AJP: The Politics of Noise and Irrelevance
From anti-CAA street energy to political formality, the party that promised Assamese resurgence now serves as BJP's unwitting ally
The Assam Jatiya Parishad (AJP) emerged in the aftermath of the anti-CAA agitations as a supposed vehicle for Assamese aspirations. Formed with the emotional energy of the streets, the party promised to be a bulwark against the national dominance of the BJP and the compromises of the AGP. Yet, in less than five years, AJP has revealed its own limits: it shouts loudly, but carries no sting. In Assam’s high-stakes political theatre, the AJP has become less of an opposition and more of a political formality—a safety valve that ultimately strengthens the very forces it claims to resist.
The Formality of Opposition
Whenever Chief Minister Himanta Biswa Sarma faces allegations—whether on identity politics, migration issues, or governance lapses—AJP is quick to issue sharp condemnations. But these interventions almost never go beyond statements. They lack follow-up mobilisation, organisational reach, or serious political strategy. For the public, AJP’s opposition is beginning to look like ritualistic performance: loud enough for headlines, but too weak to alter the balance of power. In other words, opposition as formality.
Spring vs Autumn: A Party Divided by Image
The party’s contradictions are embodied in its two leading faces:
Lurinjyoti Gogoi (Spring): A product of the AASU-led anti-CAA agitation, Gogoi symbolises freshness and idealism. He projects a clean image, free of corruption or the compromises of power. His student politics background gave him mass visibility, and for a time, he looked like the natural inheritor of Assam’s regionalist sentiment. He is the spring of AJP—energetic, untainted, but politically inexperienced.
Jagadish Bhuyan (Autumn): In contrast, Bhuyan carries the baggage of establishment politics. Once a minister in the 1996 Prafulla Mahanta-led AGP government, and later Chairman of Assam Petrochemicals Limited under Sarbananda Sonowal’s chief ministership, Bhuyan has enjoyed the perks of power. His past links make him appear as a leader stained by opportunism. Today, he drifts in the autumn of his career—symbolic, but not inspiring.
Together, Gogoi and Bhuyan represent spring and autumn inside one party—youthful promise weighed down by a tainted legacy.

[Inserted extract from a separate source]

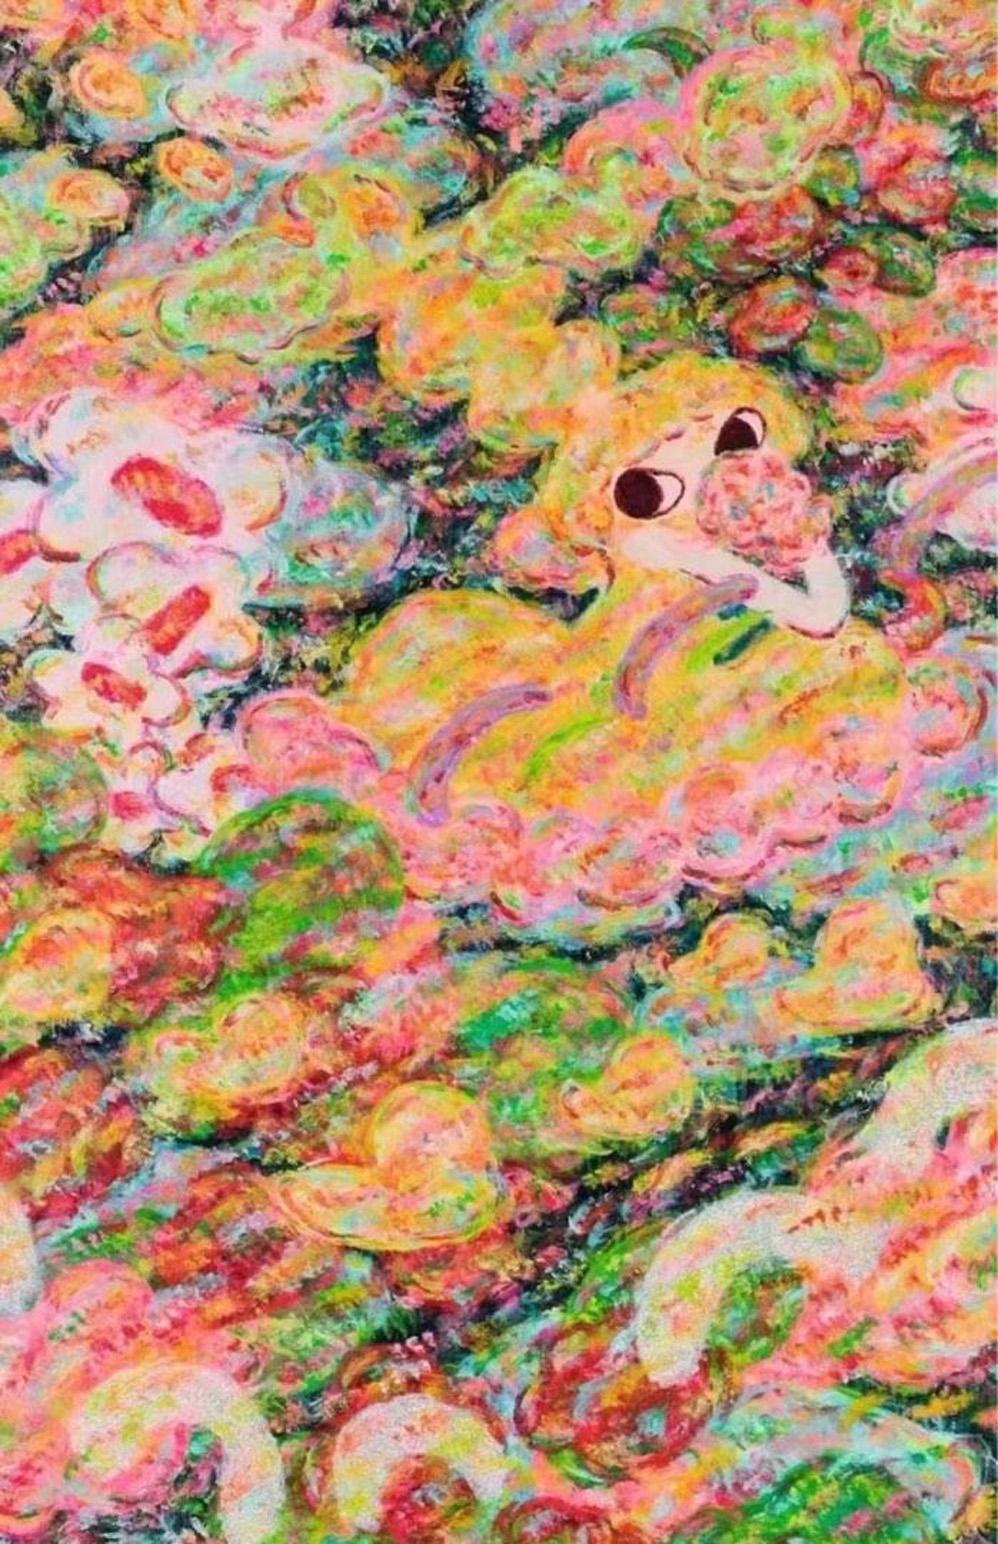 This cotton beach towel features Rokkaku's painting UNTITLED (2021), which depicts a floating dreamscape of colourful clouds. At a closer look, wide-eyed girls and other fantastical manga-style creatures appear in the cloud formations. Rokkaku

Rather than balance each other, they cancel each other out, leaving AJP suspended between moral posturing and political irrelevance.
The Dibrugarh Episode: Opposition or Controlled Sparring?
The clearest evidence of AJP’s role came during the last Lok Sabha elections. The party fielded Lurinjyoti Gogoi against former Chief Minister Sarbananda Sonowal in Dibrugarh. The move generated a few days of headlines, but its impact was predictable: it fractured the anti-BJP vote and ensured Sonowal’s smooth victory.
This was not opposition. This was controlled sparring—a drama that created the illusion of challenge while strengthening the incumbent. For many observers, it confirmed what they had long suspected: AJP functions less as a challenger and more as an extra player in the BJP’s ring, used to fix crises and absorb dissent.
The AGP Parallel: History Repeats
AJP’s trajectory is not new. Assam’s regionalism has repeatedly produced strong movements that faltered once they entered the formal power arena:
The AGP Story: Born from the historic Assam Movement, AGP captured power in 1985 on the wave of Assamese nationalism.